By Ben Edelman, Ezra Edelman, Surbhi Goel, Eran Malach, and Nikos Tsilivis

This post is based on “The Evolution of Statistical Induction Heads: In-Context Learning Markov Chains” by Ben Edelman, Ezra Edelman, Surbhi Goel, Eran Malach, and Nikos Tsilivis.

Machine learning works based on the inductive principle that patterns in the training data are likely to continue to hold. Large language models are induction machines—during training, they gobble up billions of words of text, extracting myriad patterns that can be used to predict the next token. But part of what makes LLMs so powerful is that they don’t only exploit patterns from their training data—they also make use of patterns in the prompt itself. This in-context learning (ICL) ability is what enables LLMs to perform a task based on a few demonstrations, to mimic the style of a piece of writing, or to repeat key phrases from a prompt, all based on the principle that patterns in the context are likely to continue to hold. While the assumption that patterns encountered during training will generalize at inference time is essentially baked into the training procedure, the corresponding in-context claim is something the LLM needs to learn (by induction) during training.

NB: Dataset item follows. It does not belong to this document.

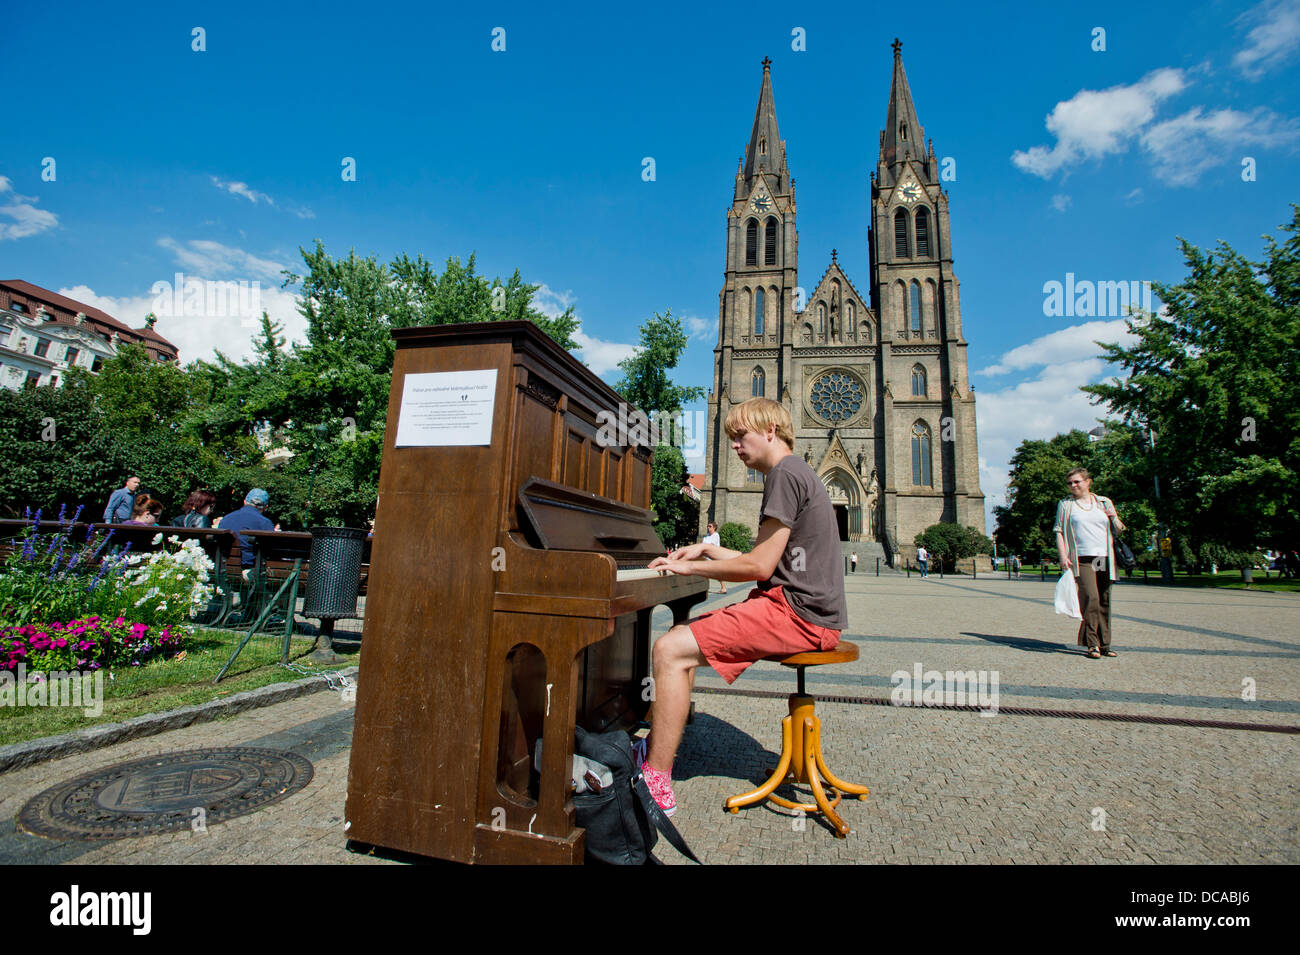 Prague, Czech Republic. 13th August 2013. People play public accessed piano at Prague's Namesti Miru Square, Czech Republic as coffee owner Ondrej Kobza placed pianos on several places in Prague where people can play these music instruments freely. Kobza wants to make the public area more cosy. (CTK Photo/Vit Simanek/Alamy Live News) Stock Photo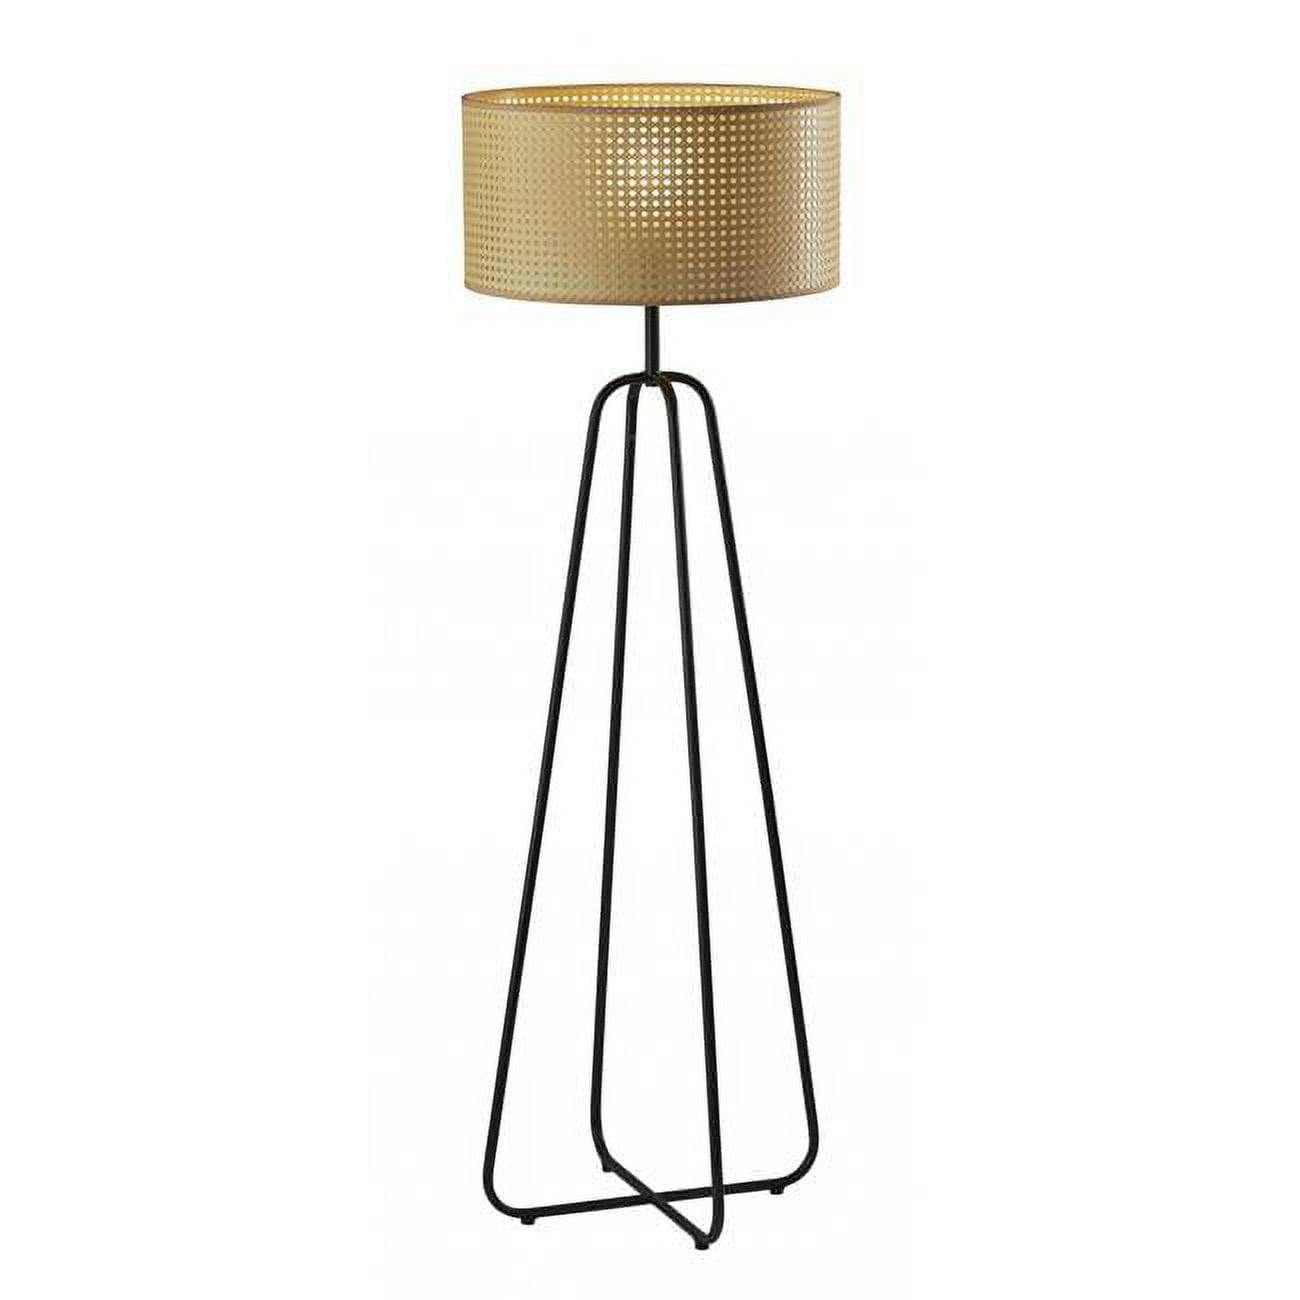 Bohemian Bronze Base Floor Lamp with Open Cane Shade, 58"

We will focus in particular on a sub-circuit motif called an induction head which researchers have found is responsible for performing some ICL computations in transformer LLMs. Induction heads define a circuit that looks for recent occurrences of the current token, and boosts the probabilities of tokens which followed the token in the input context. They have been shown to emerge when training on a large corpus of language, and contribute to in-context learning abilities. In this work, we aim to study the formation of induction heads in isolation, by introducing a synthetic task, ICL of Markov chains (ICL-MC), for which an optimal solution can rely solely on induction heads.

The task

Markov chains are stochastic processes whose evolution depends only on the present and not on the history of the process. They naturally model many stochastic systems that exhibit the aforementioned property of memorylessness and their applications can be found in many disciplines, from economics to biology. In the beginning of the 20th century, Andrey Markov, the Russian mathematician who introduced them, used them for studying grammatical patterns in Russian literary texts. In 2024, it is our turn to use them for studying LLMs.

To generate each training (or test) sequence in our ICL-MC task, we first sample a Markov chain from a prior distribution. A Markov chain with k states is described by a transition matrix that gives the probability of transitioning from state i to state j for all states i and j. Then we sample a sequence of tokens (states) from this Markov chain. Here are a few examples of Markov chains, and sequences drawn from them:

Potential strategies

The plan is to train simple two-layer attention-only transformers (with one head per layer) to perform next-token prediction on these sequences, and observe how they leverage the information in their context. For instance, assume we have the following sequence generated by a Markov chain with three states:

1 0 1 1 2 0 2 1 1 0 1 1 1 1 2

What would be your guess for the next state? Alice’s strategy is to choose at “random” and assign equal probability to all 3 symbols. Bob’s strategy is to count the frequency of the states in the sequence so far and simply estimate the probability of each state to be proportional to this frequency count. State 1 has appeared more times in this sequence, and is therefore assigned a higher probability according to this strategy. Carol, on the other hand, finds previous occurrences of the current state (2), counts the number of times this was followed by a state j and assigns this as the probability of the next token being j. In this case, 0 and 1 would have equal probabilities (equal counts). As can be seen in the above Figure (in which this is the second example), the real generated state was 0, so Carol was closer to being right. In general, Carol’s strategy feels more natural for sequences that are generated by Markov Chains and, indeed, when transition matrices are drawn uniformly at random, a version of Carol’s strategy that suitably accounts for the prior distribution is the optimal solution—see Section 2 in the paper for more details.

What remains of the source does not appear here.